По словам Бурвиля, они с Моложевичем работали над новой медицинской доктриной, которую называли «электрической хирургией». Возможно, вы знаете, что, по мнению современной европейской науки, основными причинами болезней и смерти является трупная микрофлора, развивающаяся в кишечнике.

Идея Моложевича и Бурвиля заключалась в том, чтобы уничтожать часть вредоносных организмов постоянными электрическими разрядами. На протяжении всей жизни лёгкий электрический ток, проходящий через пищеварительный тракт, должен был разрушать скопления кала на стенках кишечника и уничтожать часть опасных бактерий, но ровно в том количестве, которое необходимо для поддержания нормального существования.

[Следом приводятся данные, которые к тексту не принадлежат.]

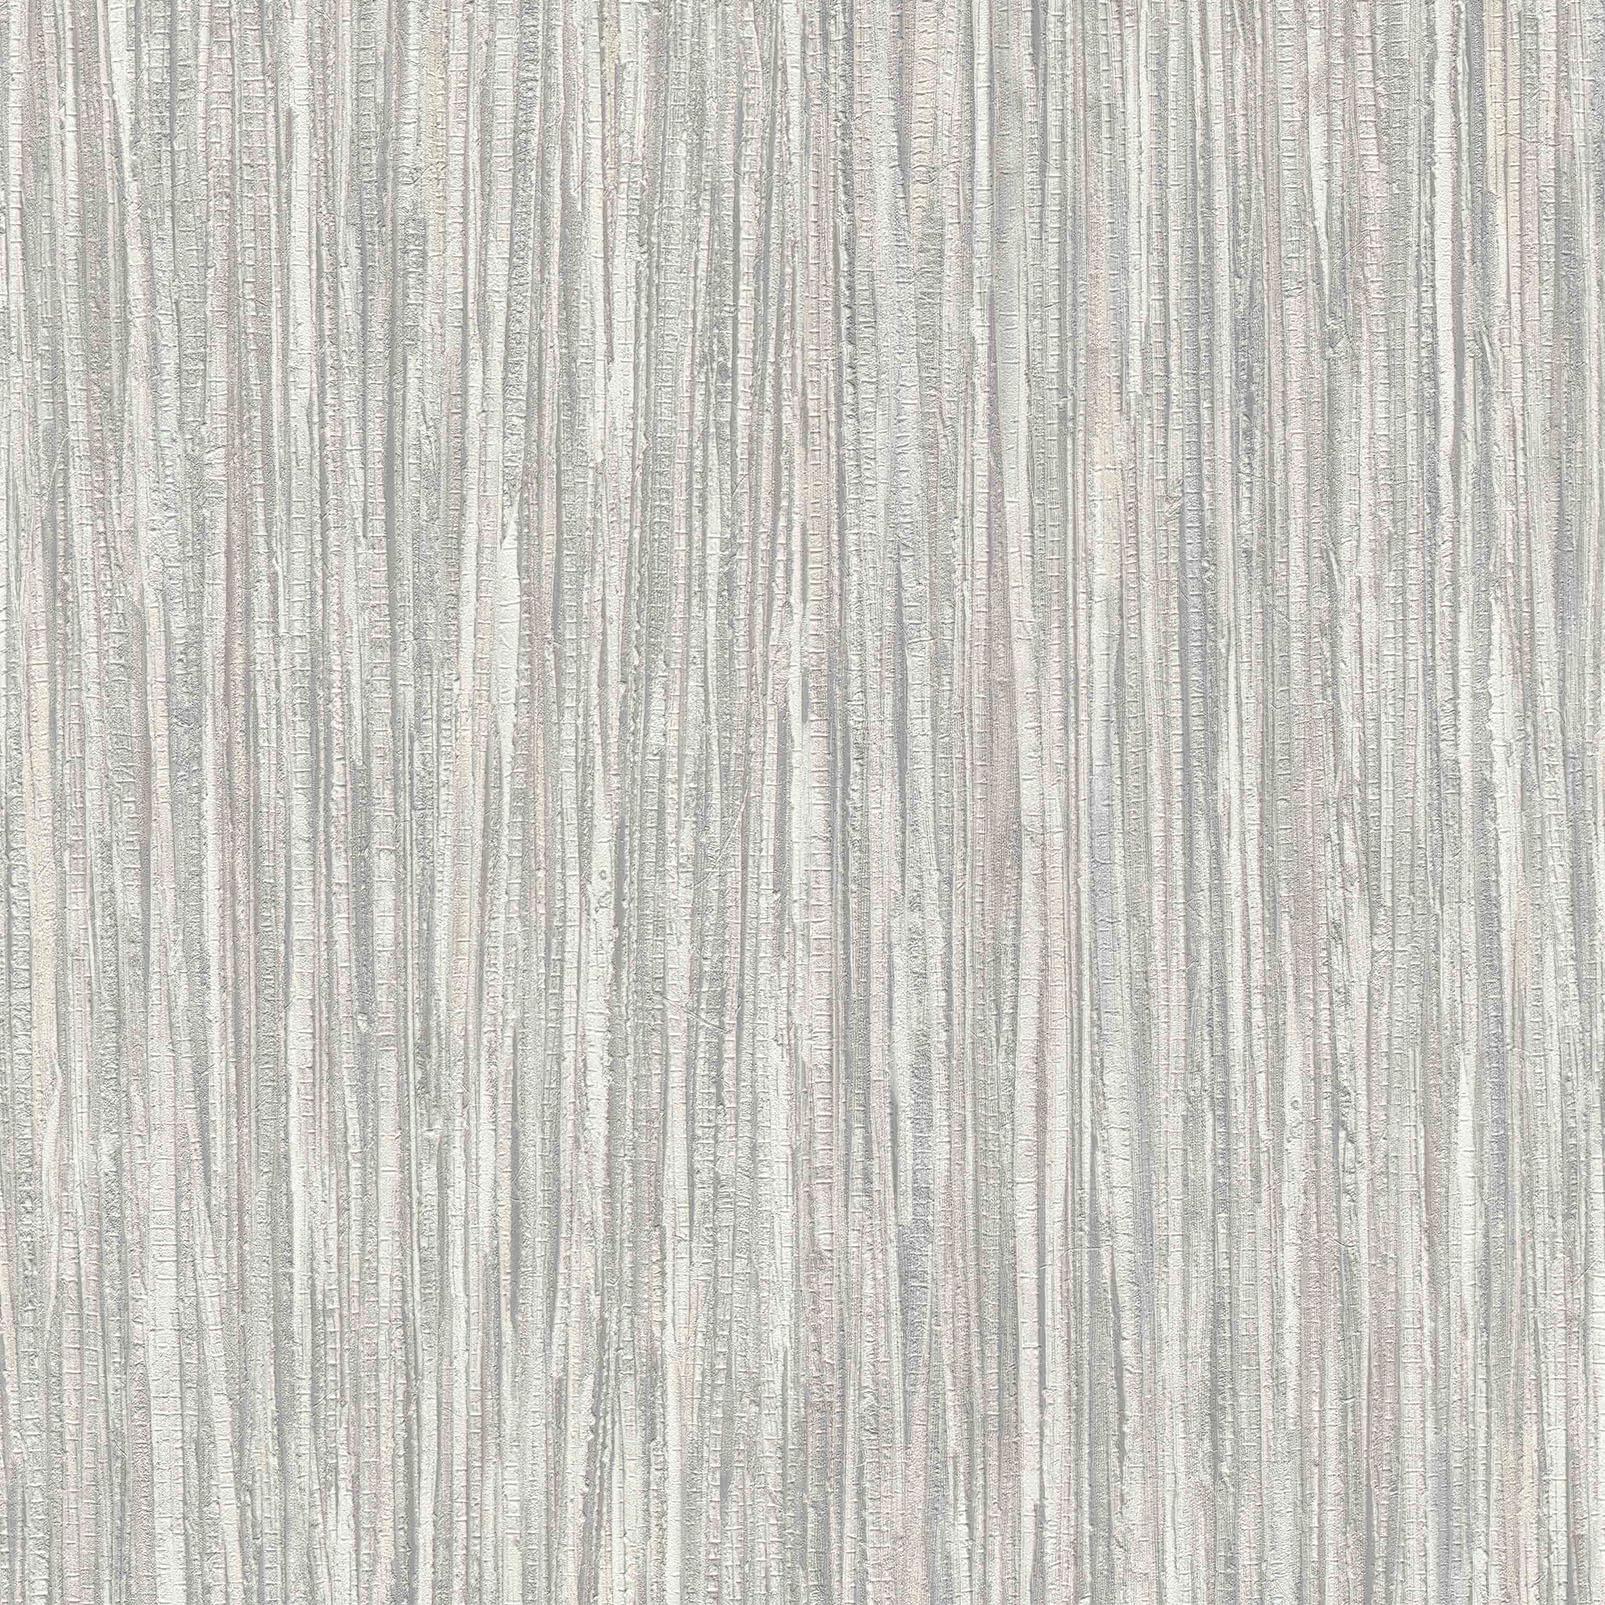 RM2 SAVANA RM2 219870 WHITE

— Интересно, и как же они собирались определять эту долю? — удивился Чашкин. — Признаться, до ваших слов я считал основными причинами смерти русского человека австрийскую шрапнель в голове и прусский штык в печени. А вот поди ж ты…

Веремеев усмехнулся и кивнул.

— У учёных своё представление обо всём, вы же знаете.

Это верно. Но мы отвлеклись. Каким образом ваши сумасшедшие врачеватели собирались поддерживать постоянный электрический ток в человеческом пищеводе? Вставить кабель в пупок и заставить носить динамо-машину в армейском ранце?

Мичман сверкнул зубами.

— Ну что вы, — криво усмехнувшись, он опустил взгляд, а затем печально вздохнул, — по словам Бурвиля, ничего подобного не требовалось. Постоянно подключать человека к аппарату невозможно. Поэтому Бурвиль предлагал изготавливать некую «заряженную воду», предварительно обрабатывая её электрической силой. Мне трудно объяснить, я мало разбираюсь в естественных науках, но сила тока, необходимая для нормализации работы пищеварительного тракта, по словам француза, была ничтожно мала. «Электрическая вода» в человеческом организме должна была представлять собой некий аналог жидкости в электрохимическом аккумуляторе — неизмеримо более слабый по сравнению с кислотным электролитом, но схожий по принципу действия. А главное — пригодный для создания хаотических микротоков, очищающих кишечник от губительных бактерий!

— Регулярное употребление такой жидкости, — продолжил мичман, — могло, по словам Бурвиля, продлить жизнь до ста лет и более — для каждого человека. Представьте: сто лет без смерти, сто лет без болезней, господин капитан!

Мичман со вздохом сокрушённо покачал головой.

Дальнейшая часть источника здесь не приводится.